**What the task asks**
Could you copy out all of the records below exactly, leaving out every picture?

┌─ Record extracts

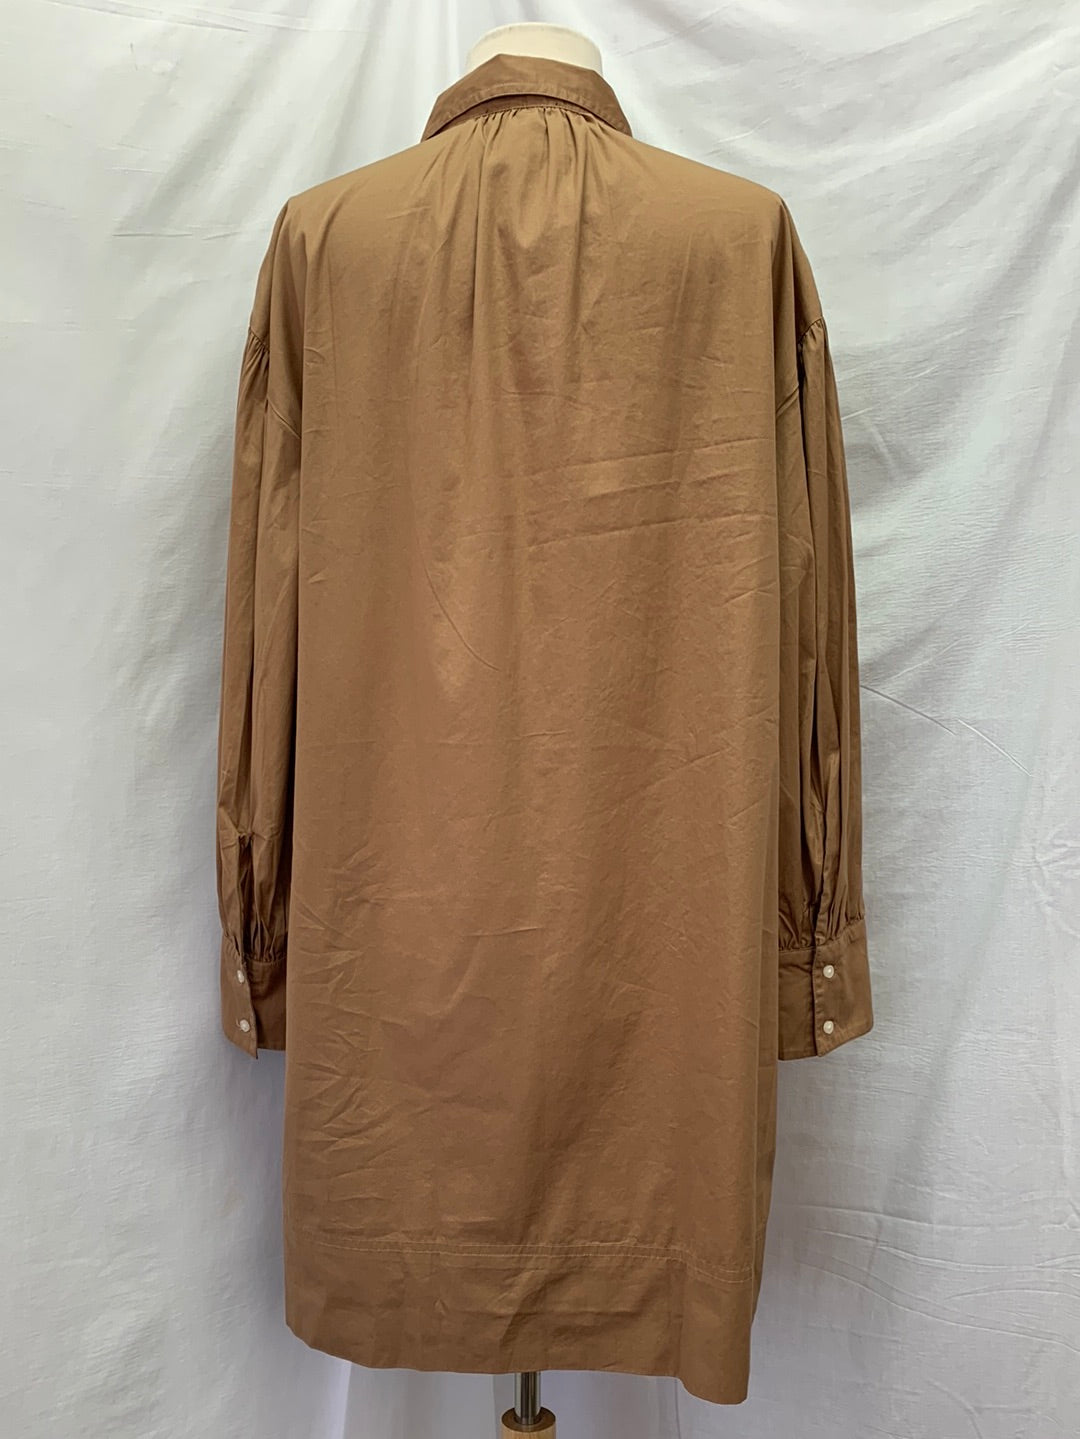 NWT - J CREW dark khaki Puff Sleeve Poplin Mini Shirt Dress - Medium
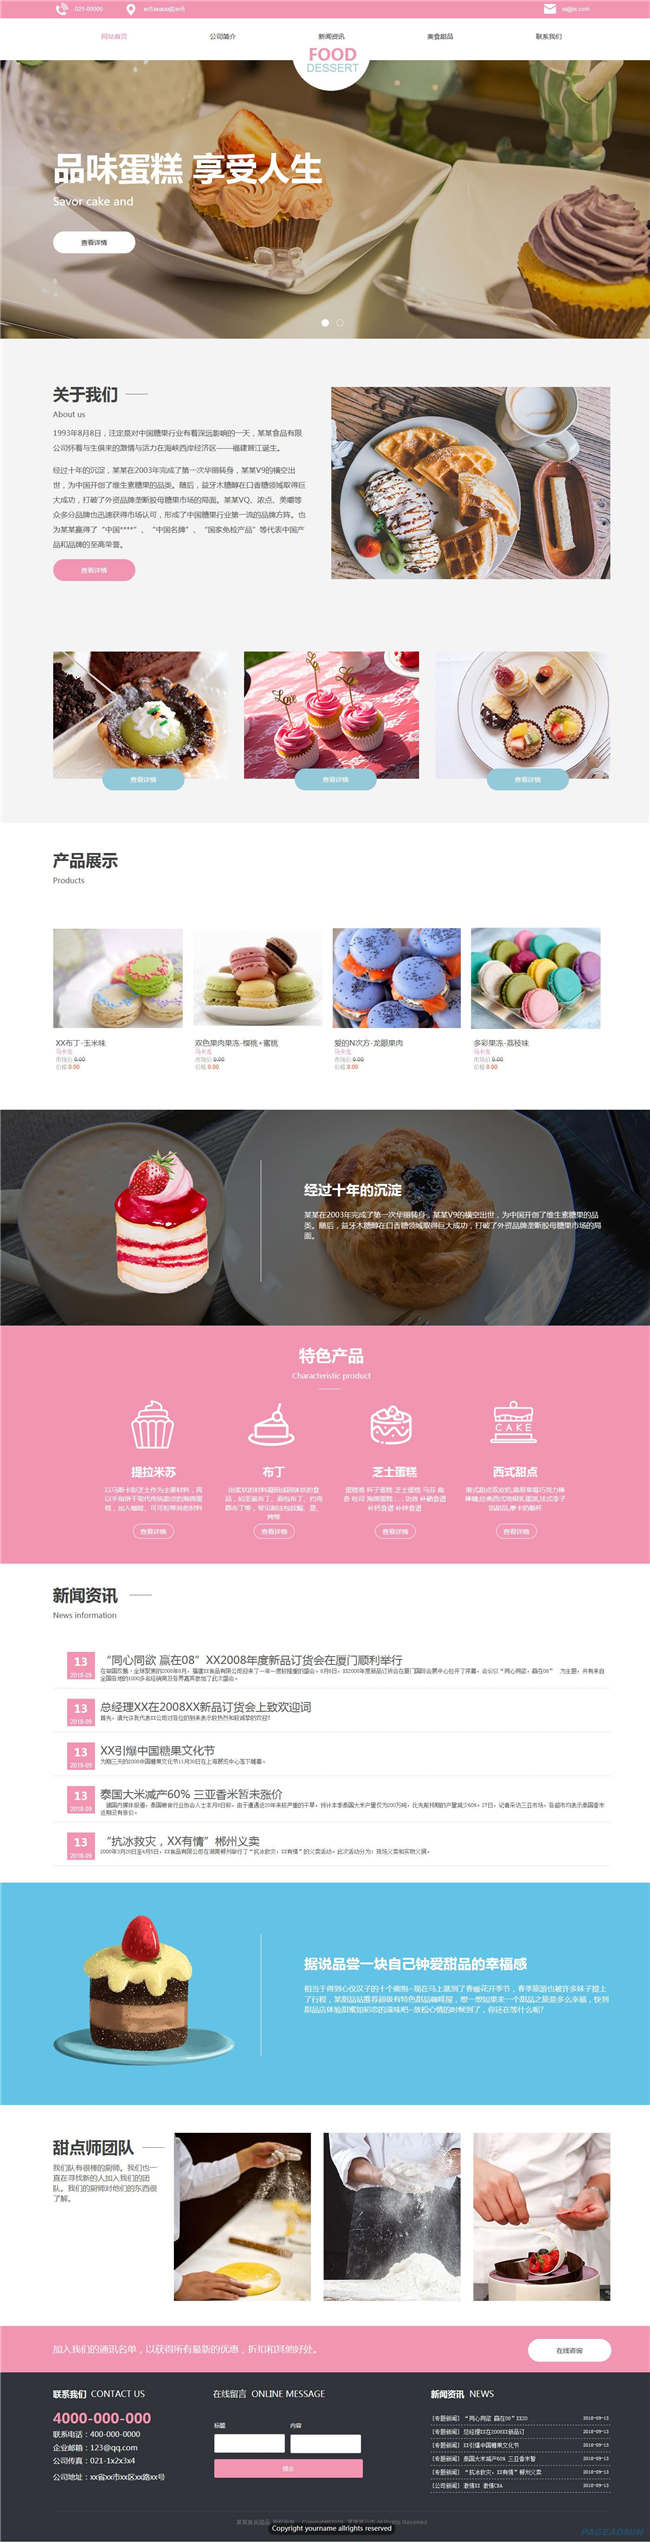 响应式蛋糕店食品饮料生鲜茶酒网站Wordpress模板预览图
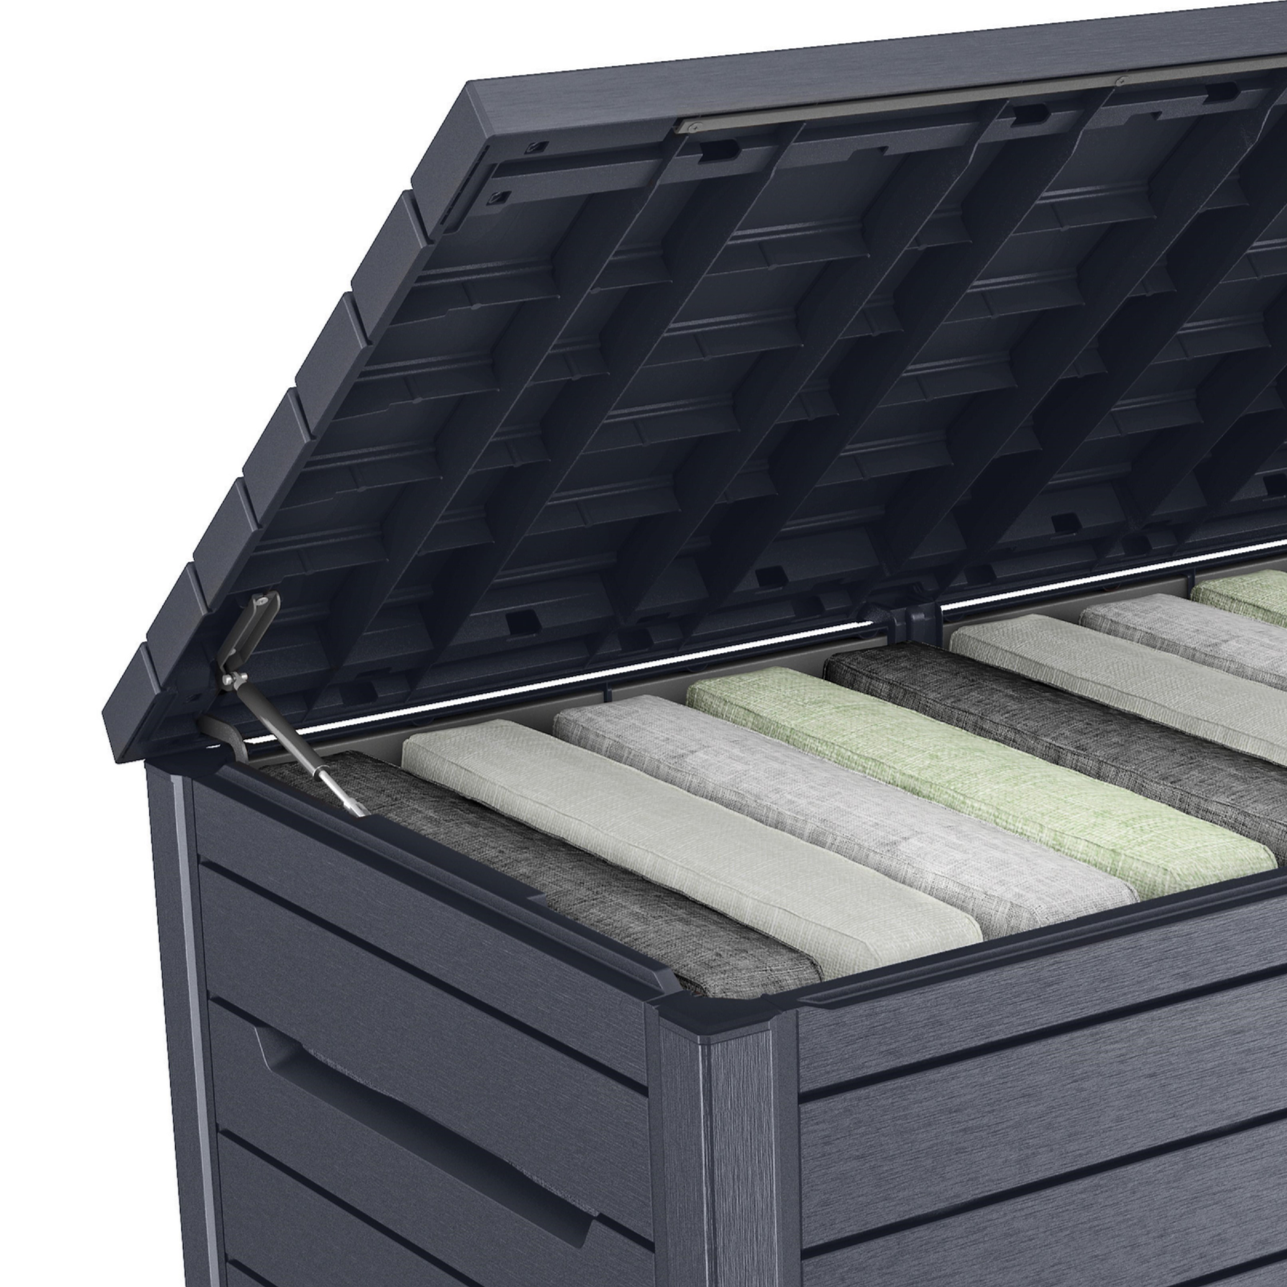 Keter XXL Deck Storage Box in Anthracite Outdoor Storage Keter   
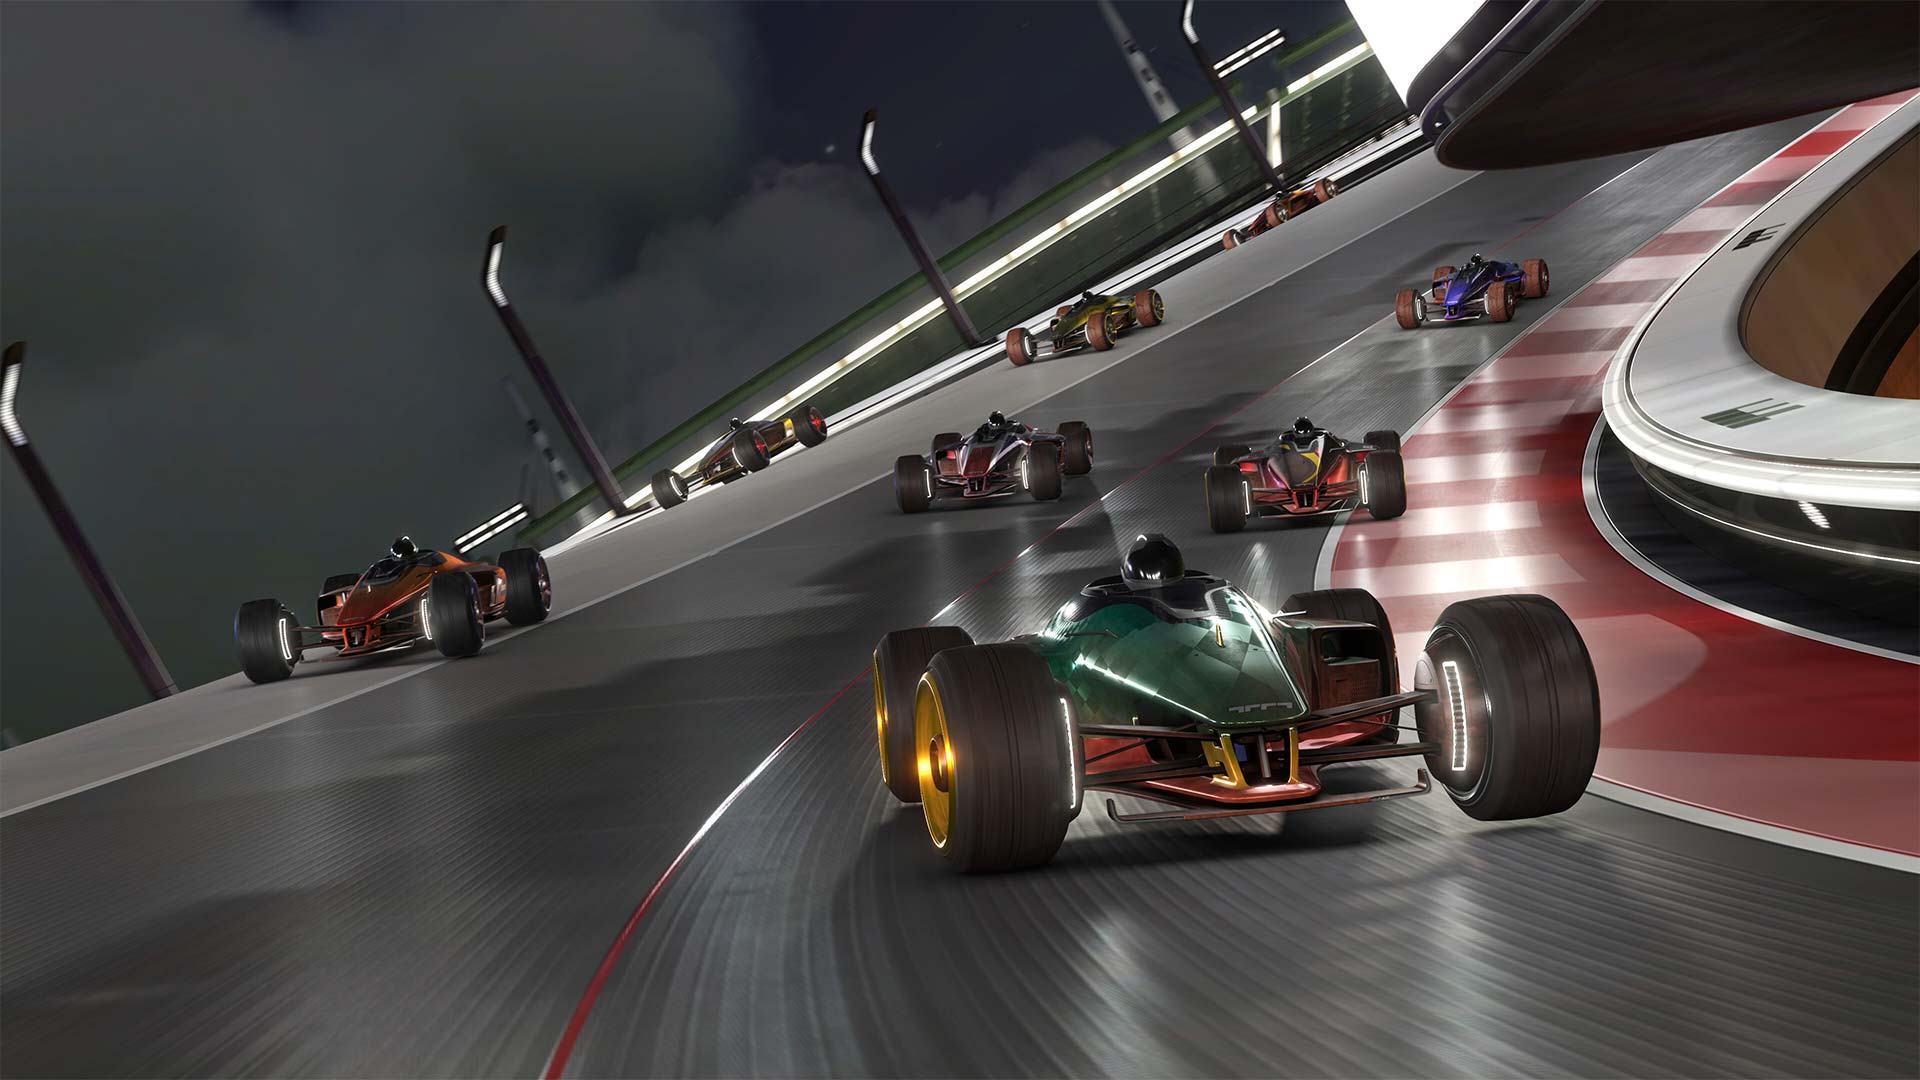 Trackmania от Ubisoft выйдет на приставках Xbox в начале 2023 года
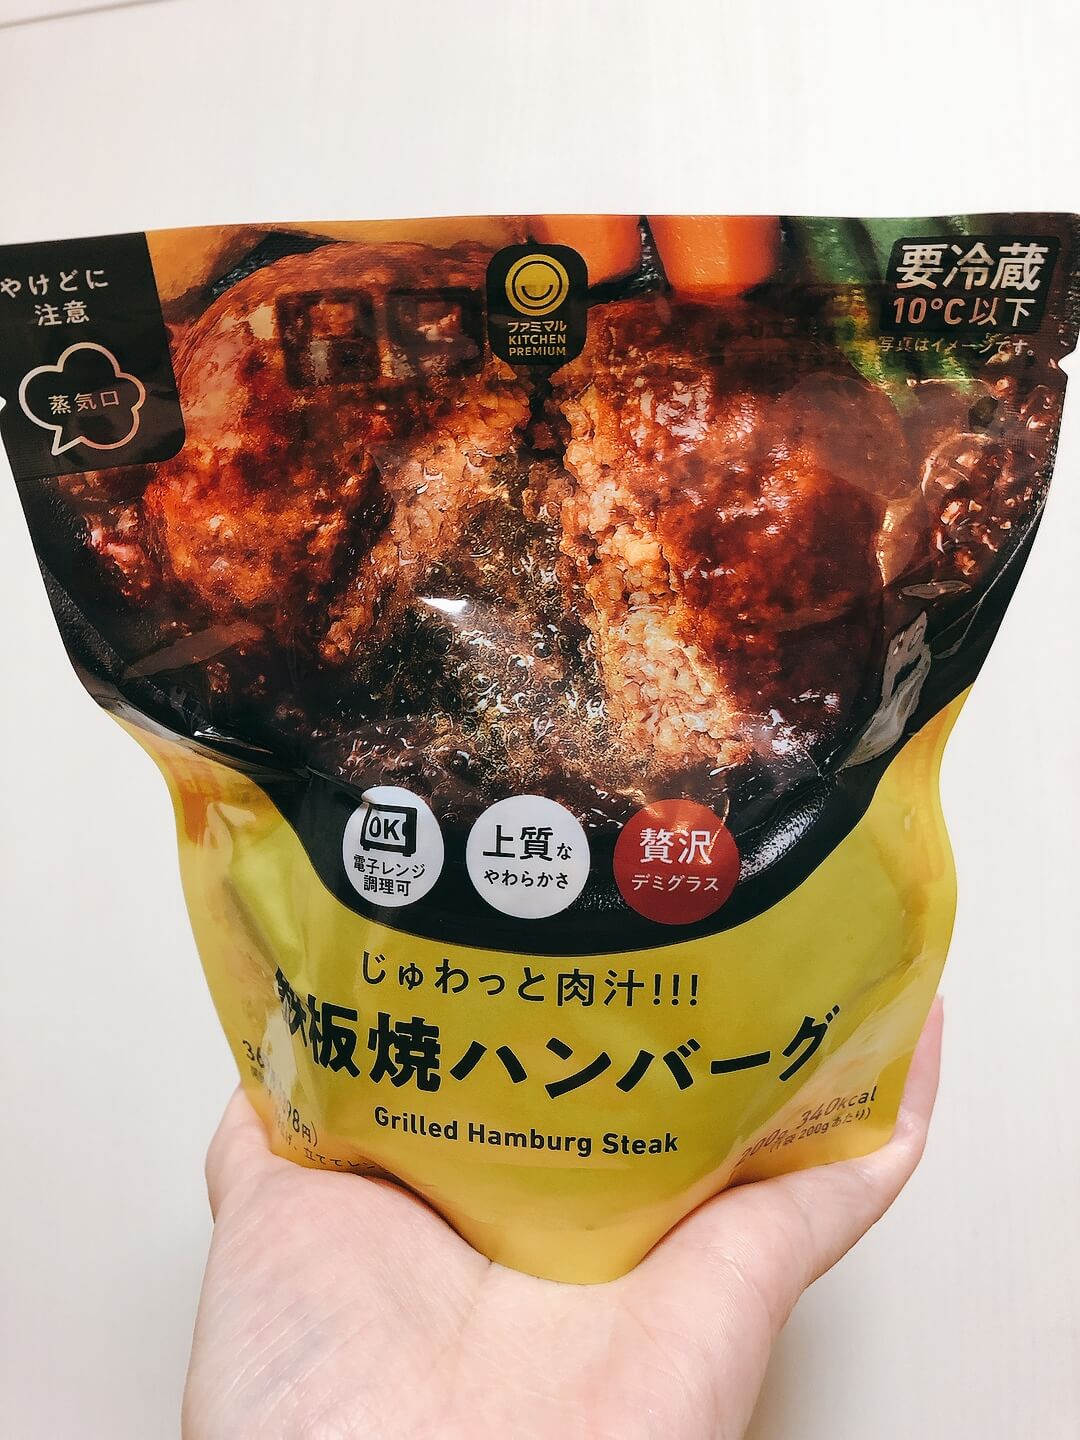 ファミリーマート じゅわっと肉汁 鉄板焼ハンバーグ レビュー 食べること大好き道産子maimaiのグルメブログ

└─

**Solution to this exercise**
 NWT - J CREW dark khaki Puff Sleeve Poplin Mini Shirt Dress - Medium
 响应式蛋糕店食品饮料生鲜茶酒网站Wordpress模板预览图
 Keter XXL Deck Storage Box in Anthracite Outdoor Storage Keter   
 Trackmania от Ubisoft выйдет на приставках Xbox в начале 2023 года
 ファミリーマート じゅわっと肉汁 鉄板焼ハンバーグ レビュー 食べること大好き道産子maimaiのグルメブログ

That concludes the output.